Момент такой ревизии пришел бы только тогда, когда бы мы совместно с В. М. Смирновым решили, что ВКП(б) труп, т. е. что Октябрьская революция труп. Мы этого не думаем и поэтому остаемся на почве платформы. Но оставаться на почве платформы это означает видеть те опасности, которые она сигнализирует и, видя их, сохранить единство оппозиции. Я глубоко убежден, что если бы Л.Д.[Троцкий] заблаговременно разослал проект своего заявления, то мы сговорились бы на одном тексте и, несмотря на разногласия в оттенках, Смилга и я не подали бы своего заявления. Не имея текста, мы подали свое. Оттенки получили официальное выражение, но это не должно было помешать солидаризироваться в основном с заявлением Л.Д.[Троцкого], которое подписали все ссыльные товарищи, ибо эта подпись для всякого означала одно: вы нам, ленинцам-большевикам, мешаете выправлять свои разногласия, мы их не скрываем, но мы все-таки один отряд, борющийся за реформу партии и сов[етской] власти, и вам нас не разделить. Я советую Вам послать такую телеграмму конгрессу. Поворот направо властно этого требует. Всякие другие соображения должны отступить на задний план.

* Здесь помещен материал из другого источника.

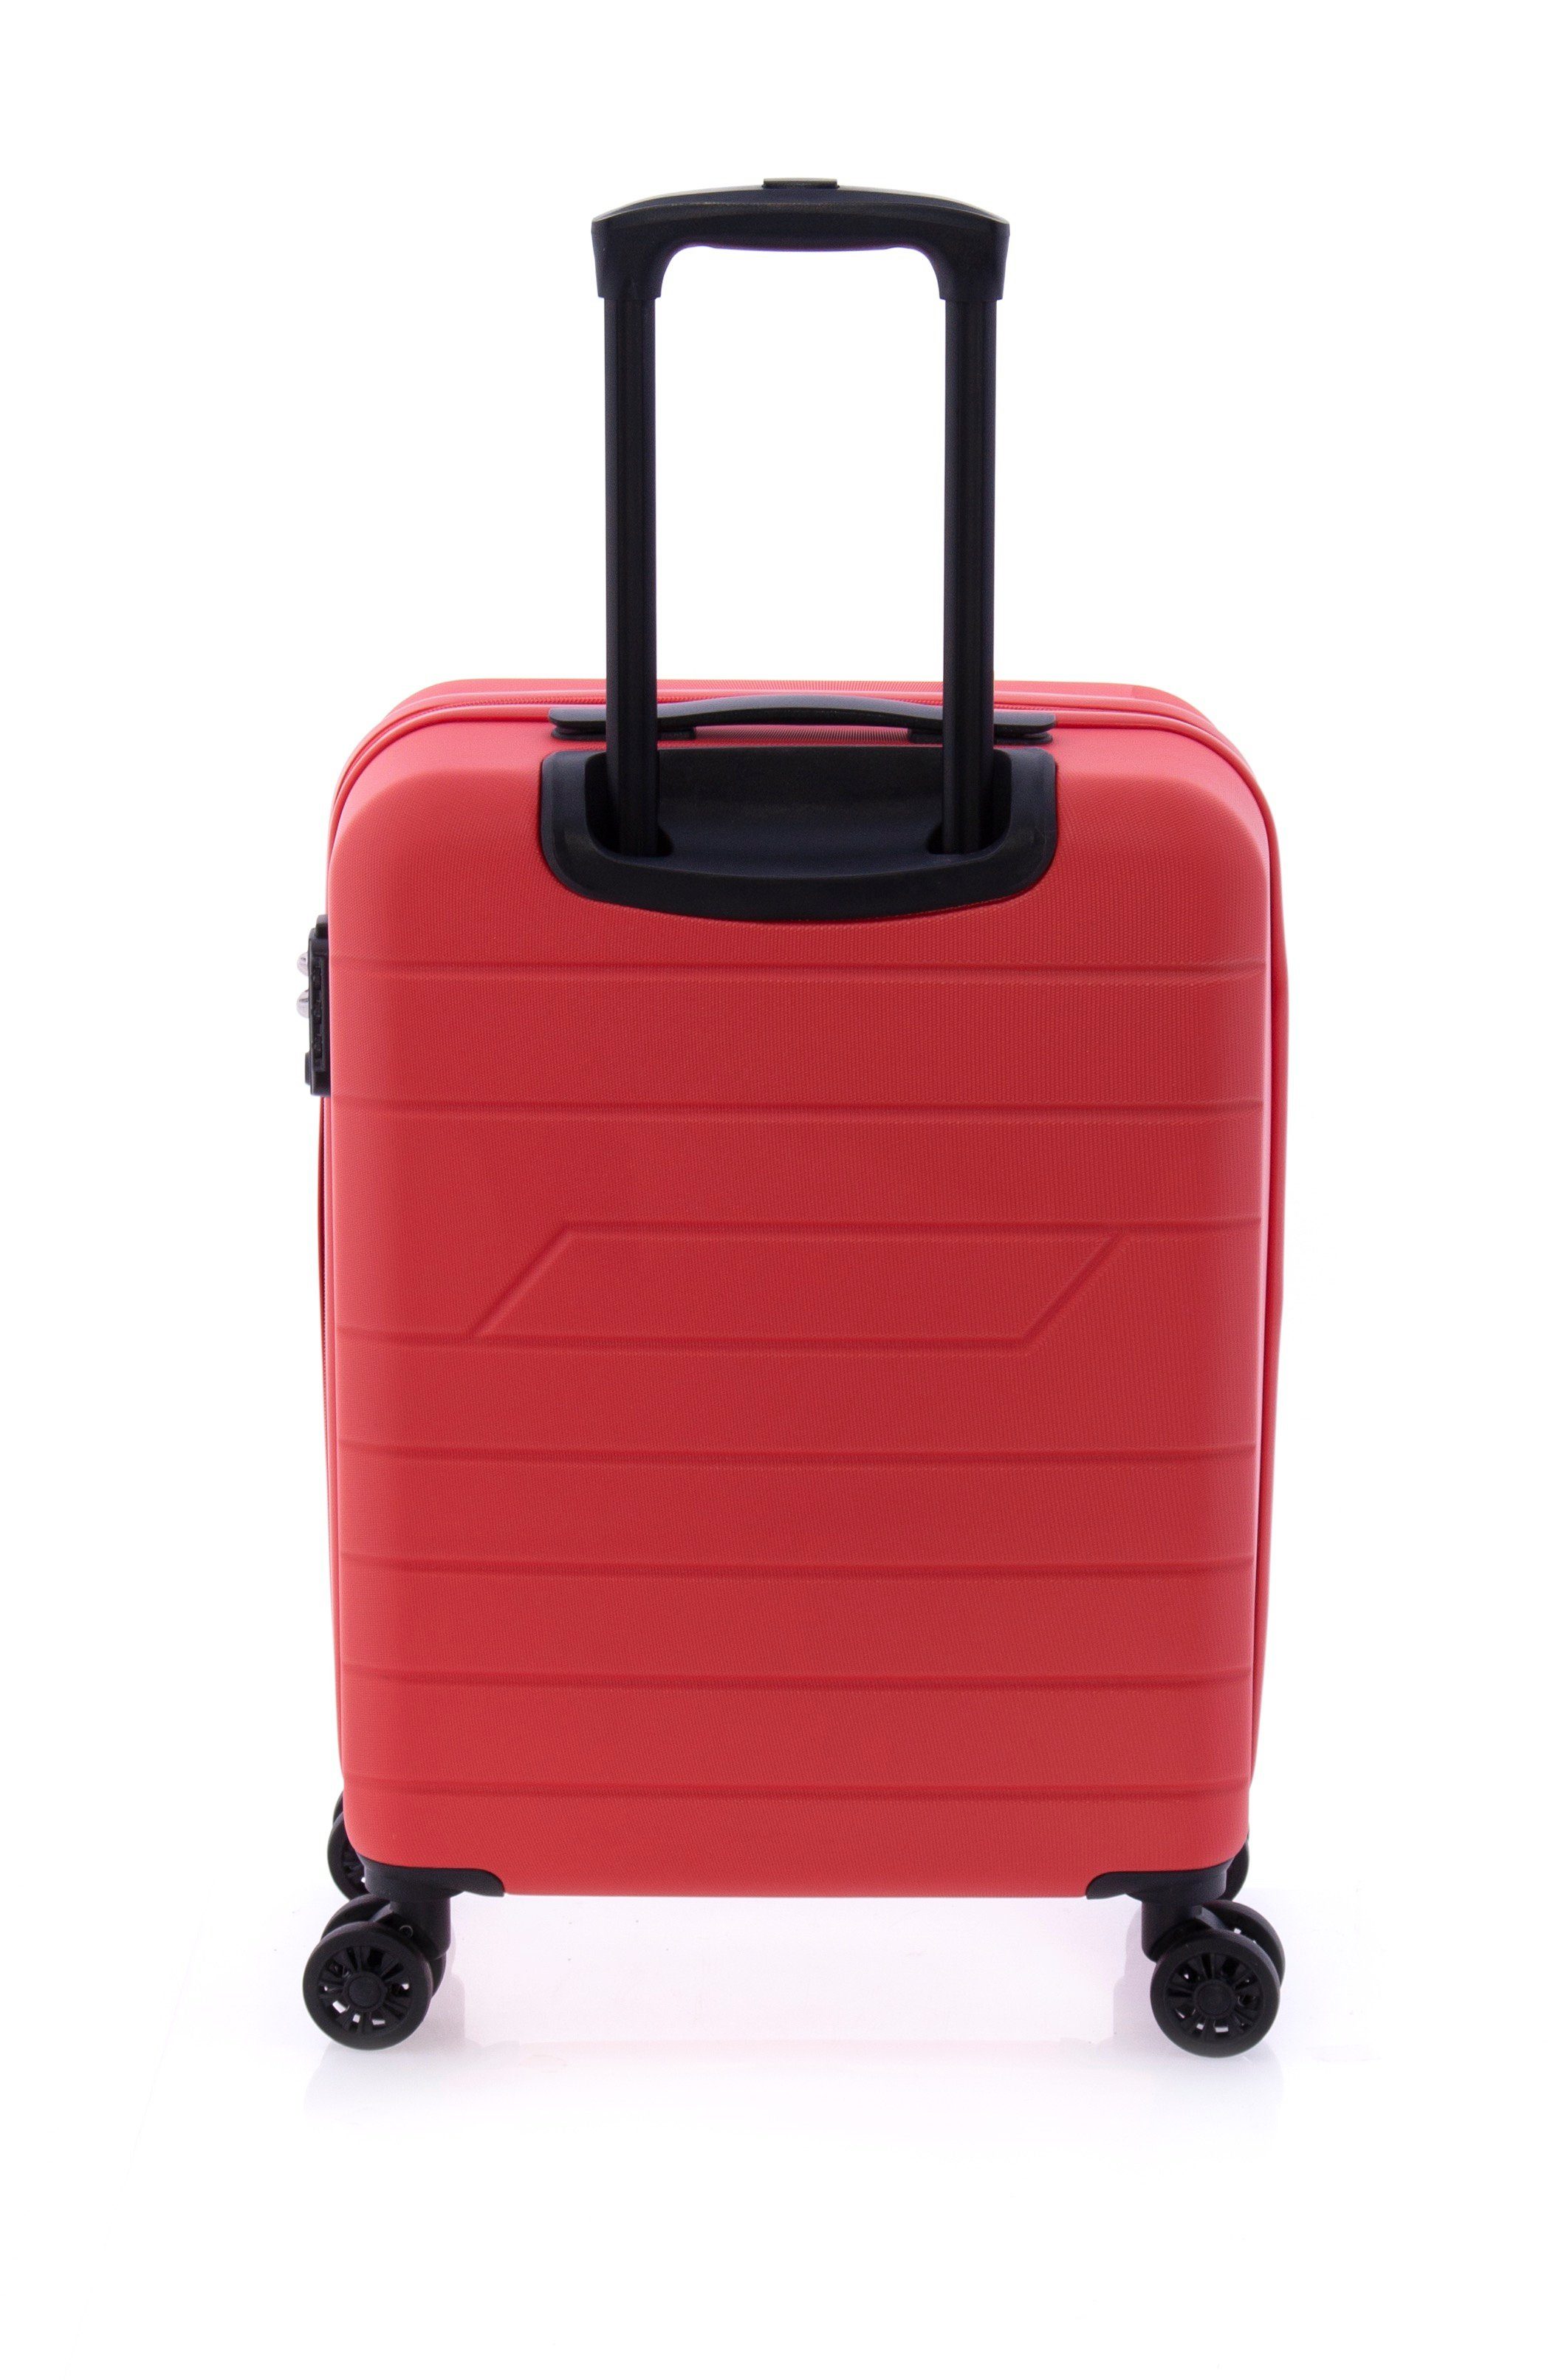 GLADIATOR Handgepäck-Trolley Koffer - Volumen: rot, Farben: Dehnfalte, Liter, 36/40 4 TSA-Schloss, blau, 55 gelb schwarz, minzgrün, cm, Rollen, hellblau

Евгений Алексеевич [Преображенский] тоже намерен был это сделать.

Жму Вашу руку, пишите.

К. Р[адек]

Томск, 8 августа 1928 г.

Г.Прозоровская[105].

Еще раз о «левом курсе». 10 августа

Развернувшиеся события последнего времени, получившие свое завершение в решениях июльского пленума,— решениях, которые означают неприкрытую победу правых над центристами,— заставляют еще раз призадуматься: что же, в сущности, представляет из себя этот нашумевший «левый курс»?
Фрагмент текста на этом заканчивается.